_Data block_:
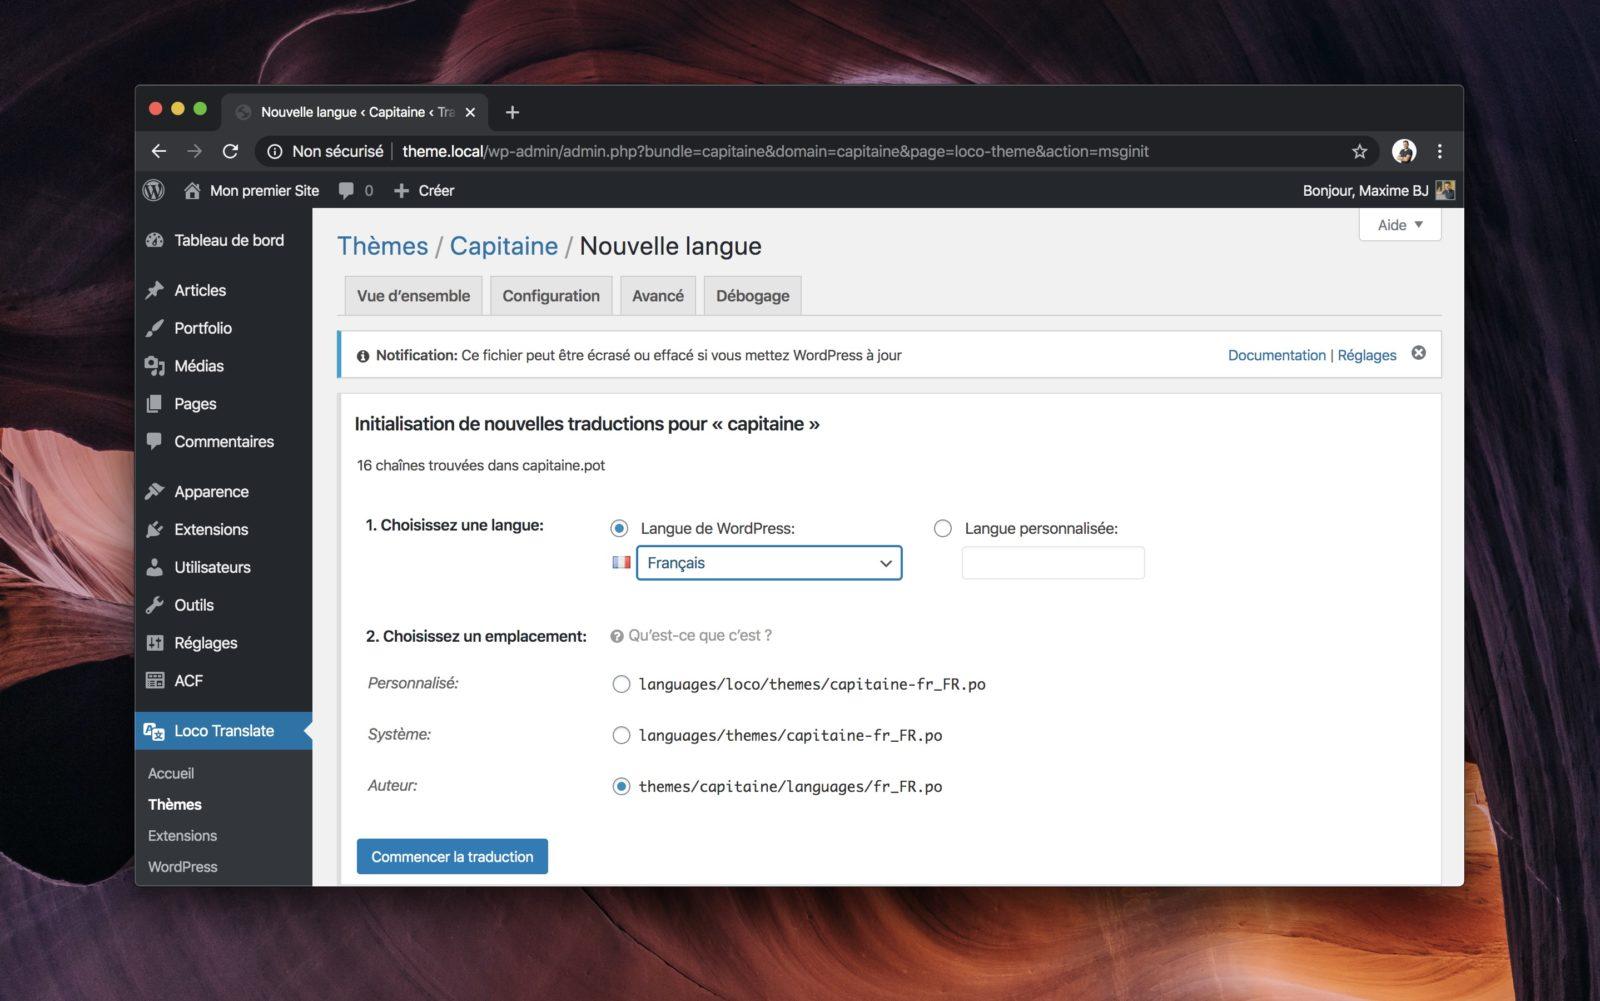 L'interface d'ajout d'un nouvelle langue dans Loco Translate
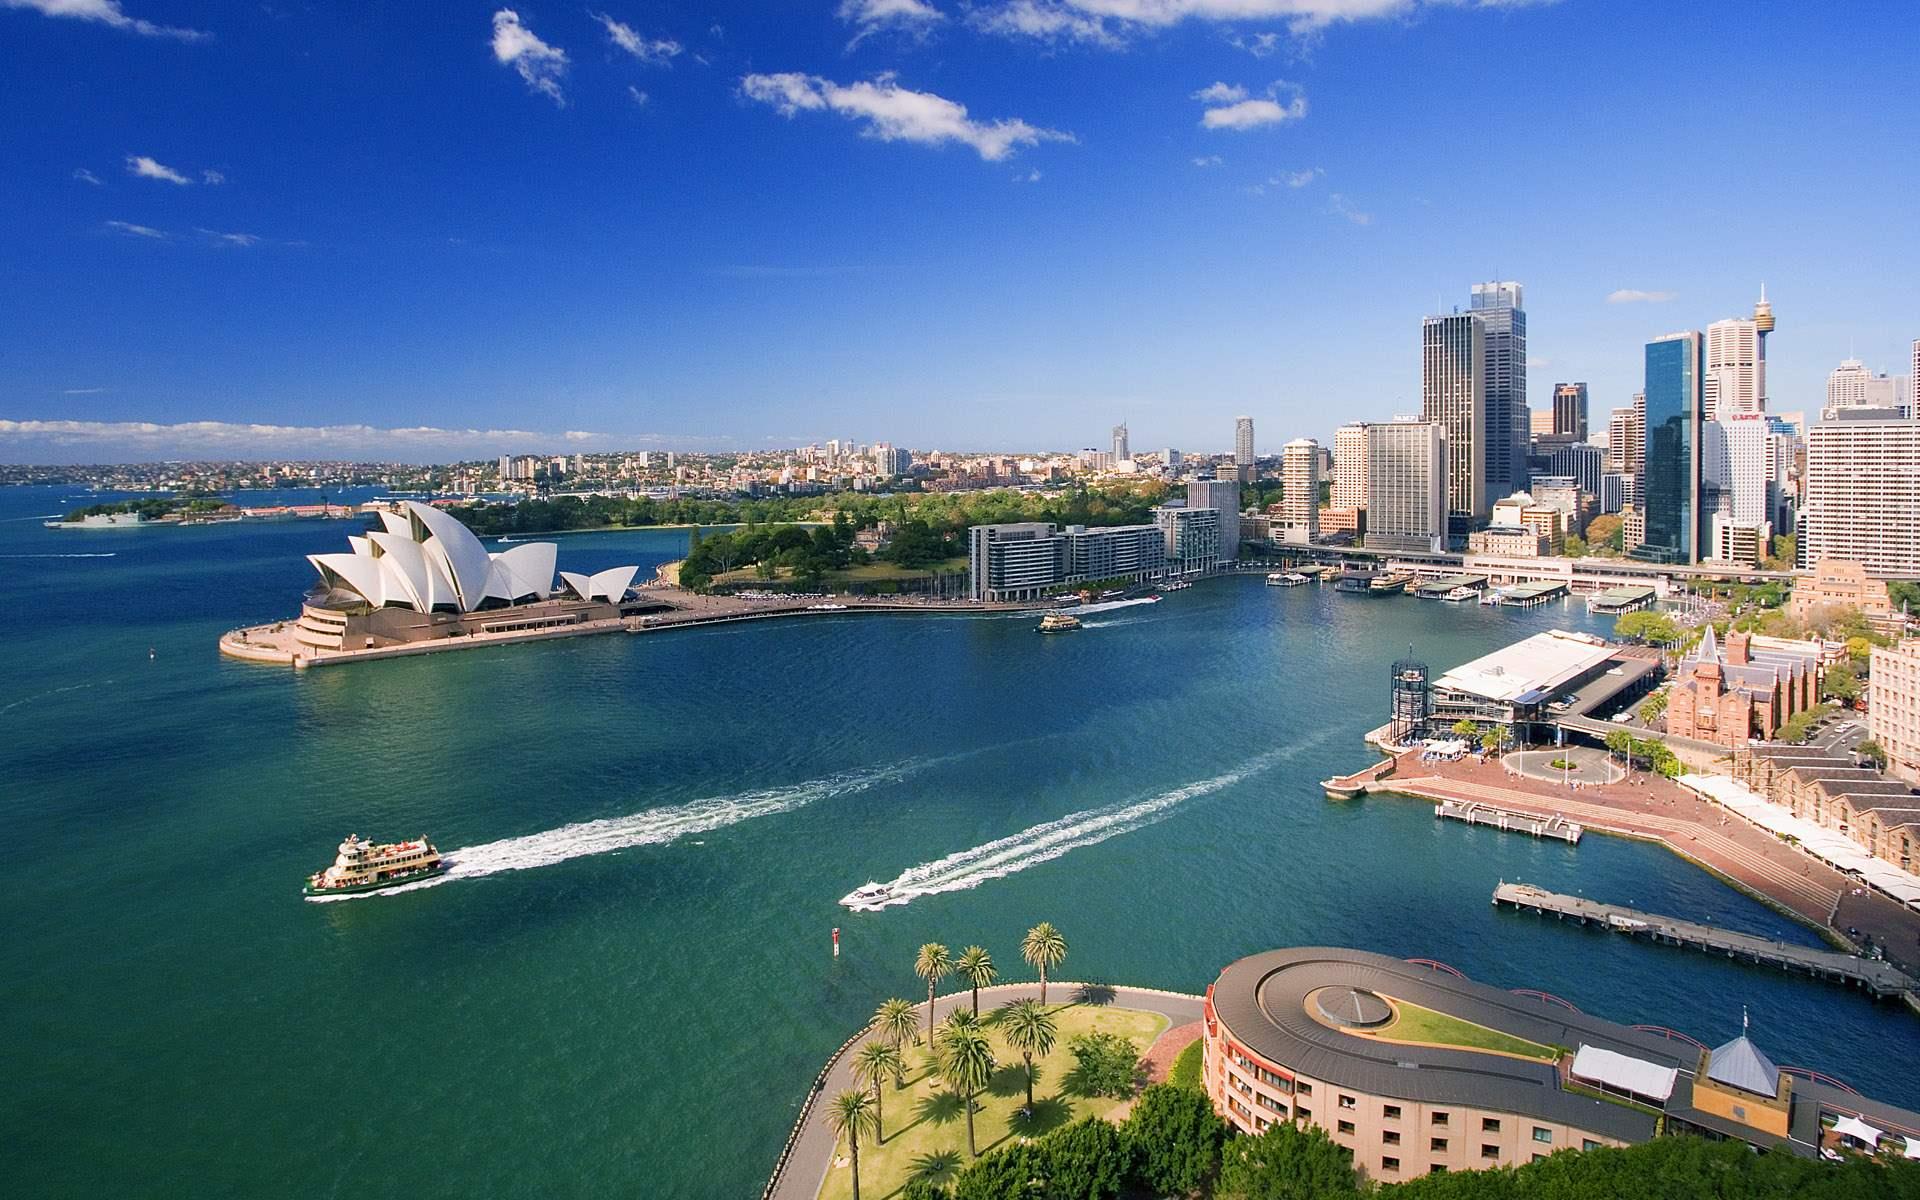 Отдых в Австралии перевернет Вашу жизнь. Австралийские аборигены говорят:
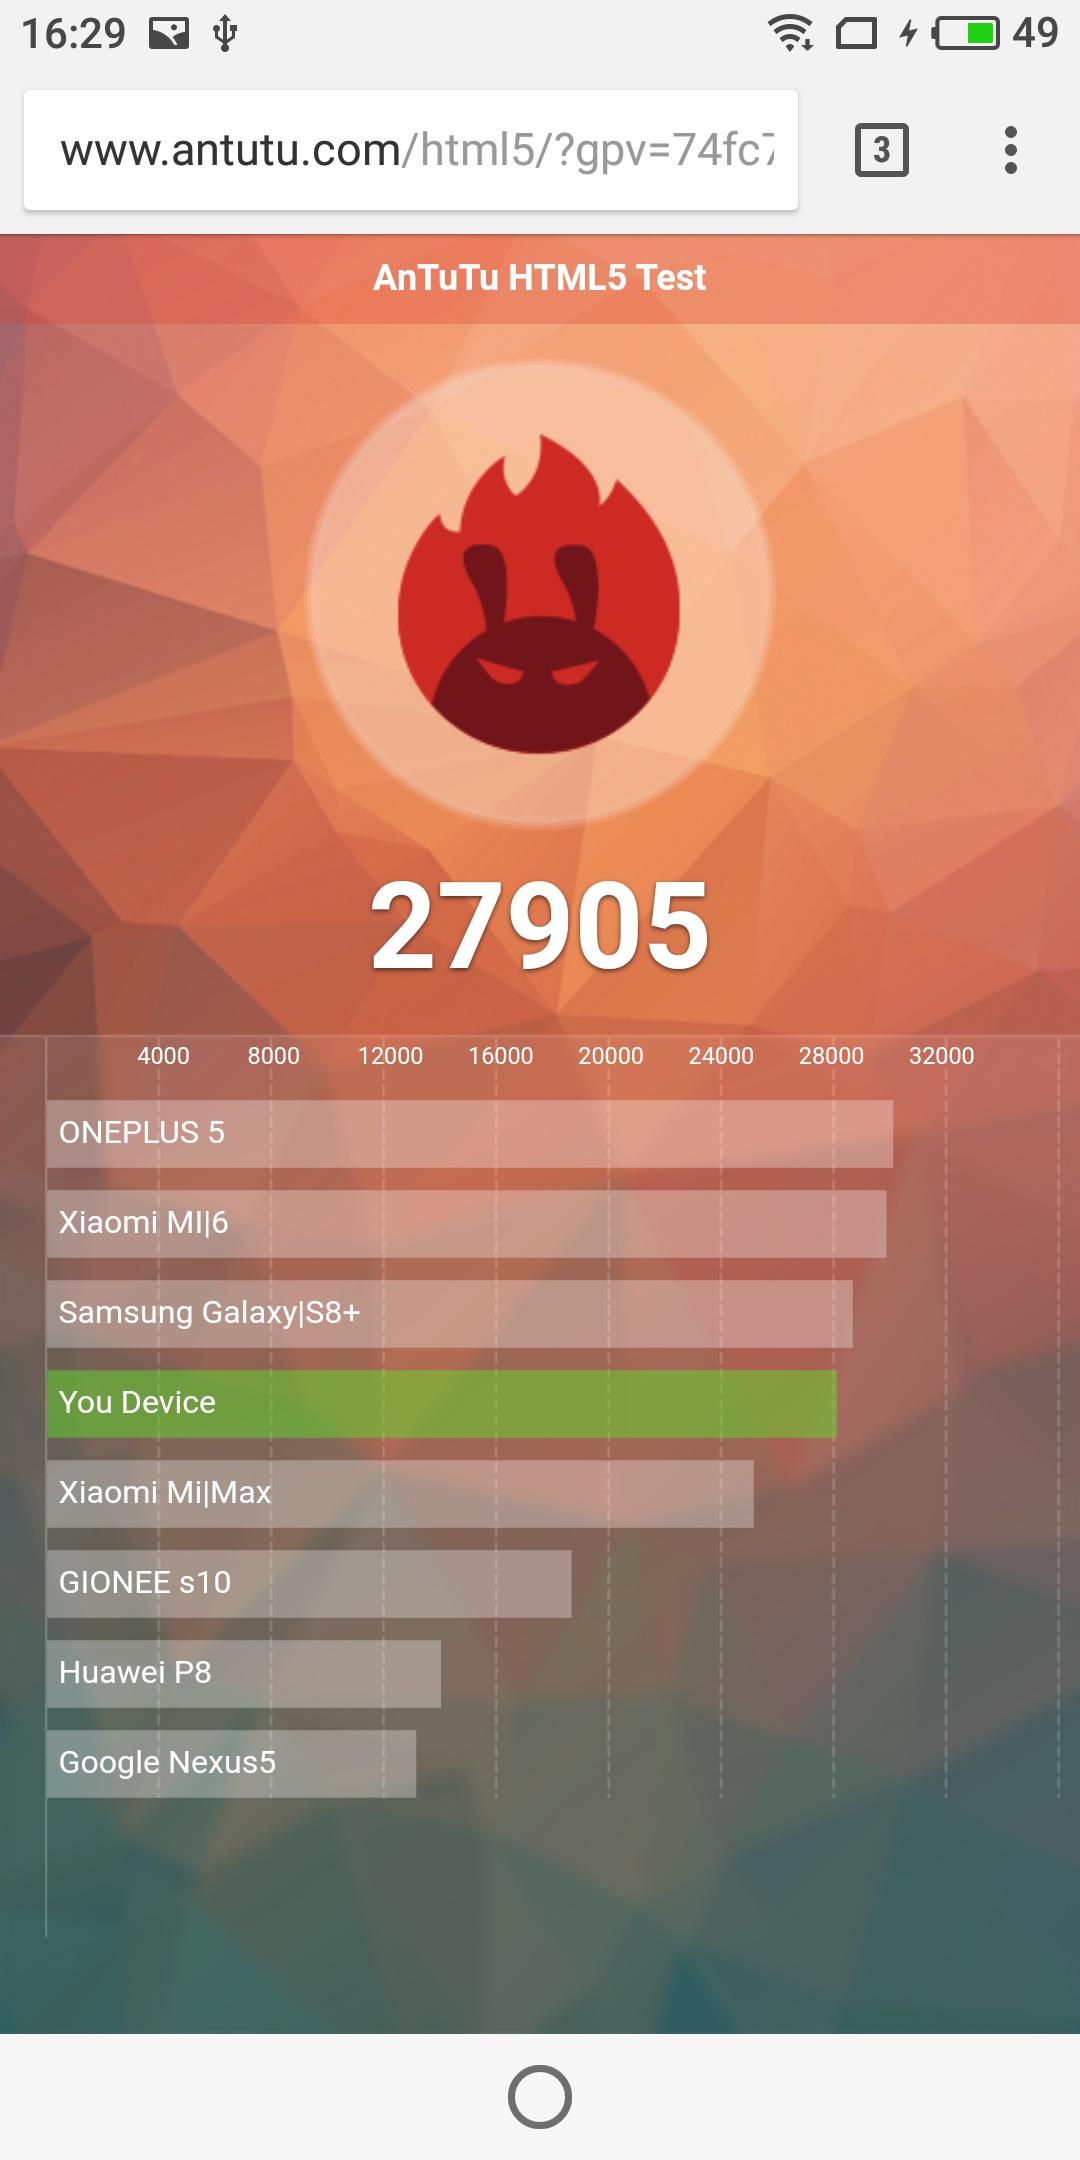 Meizu E3 Antutu HTML
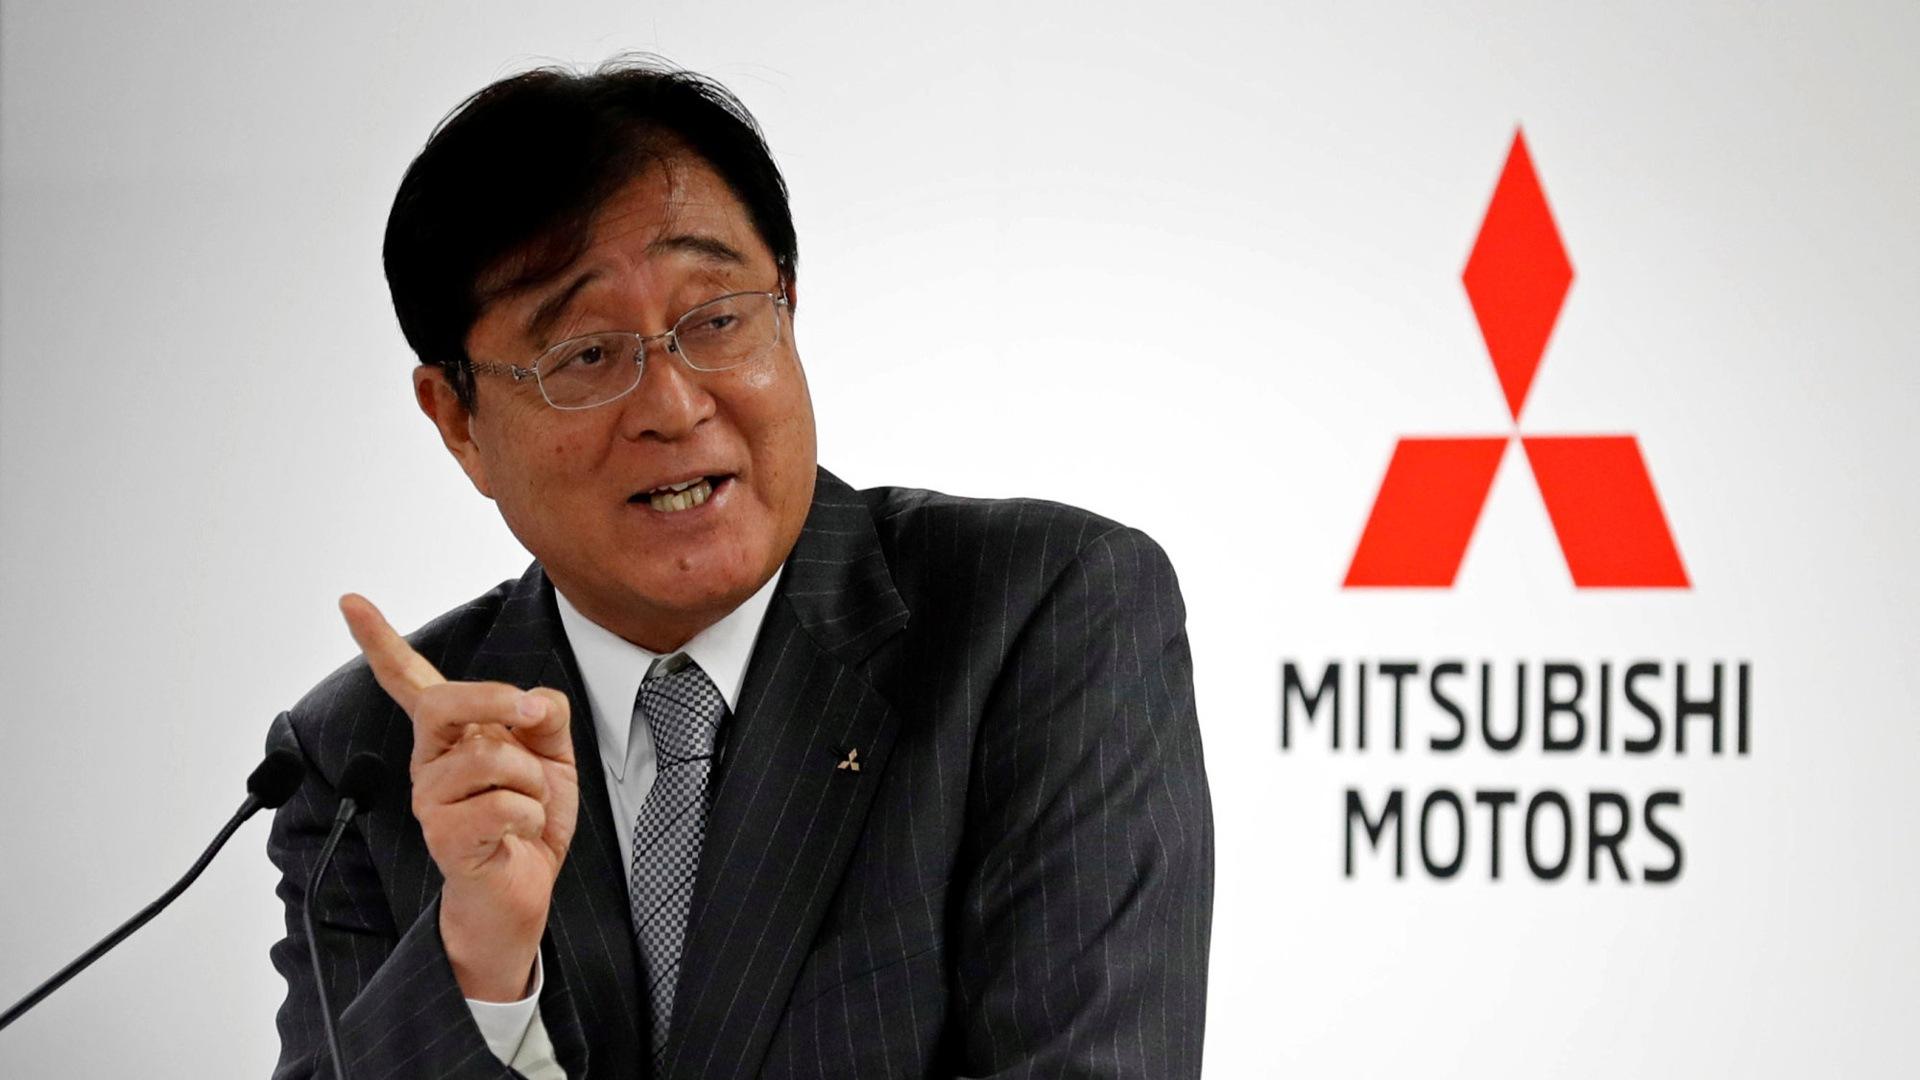 Mitsubishi Osamu Masuko

_Exercise description_: All of the material above should be reproduced exactly, except the pictures.

_Response to this task_:
 L'interface d'ajout d'un nouvelle langue dans Loco Translate
 Отдых в Австралии перевернет Вашу жизнь. Австралийские аборигены говорят:
 Meizu E3 Antutu HTML
 Mitsubishi Osamu Masuko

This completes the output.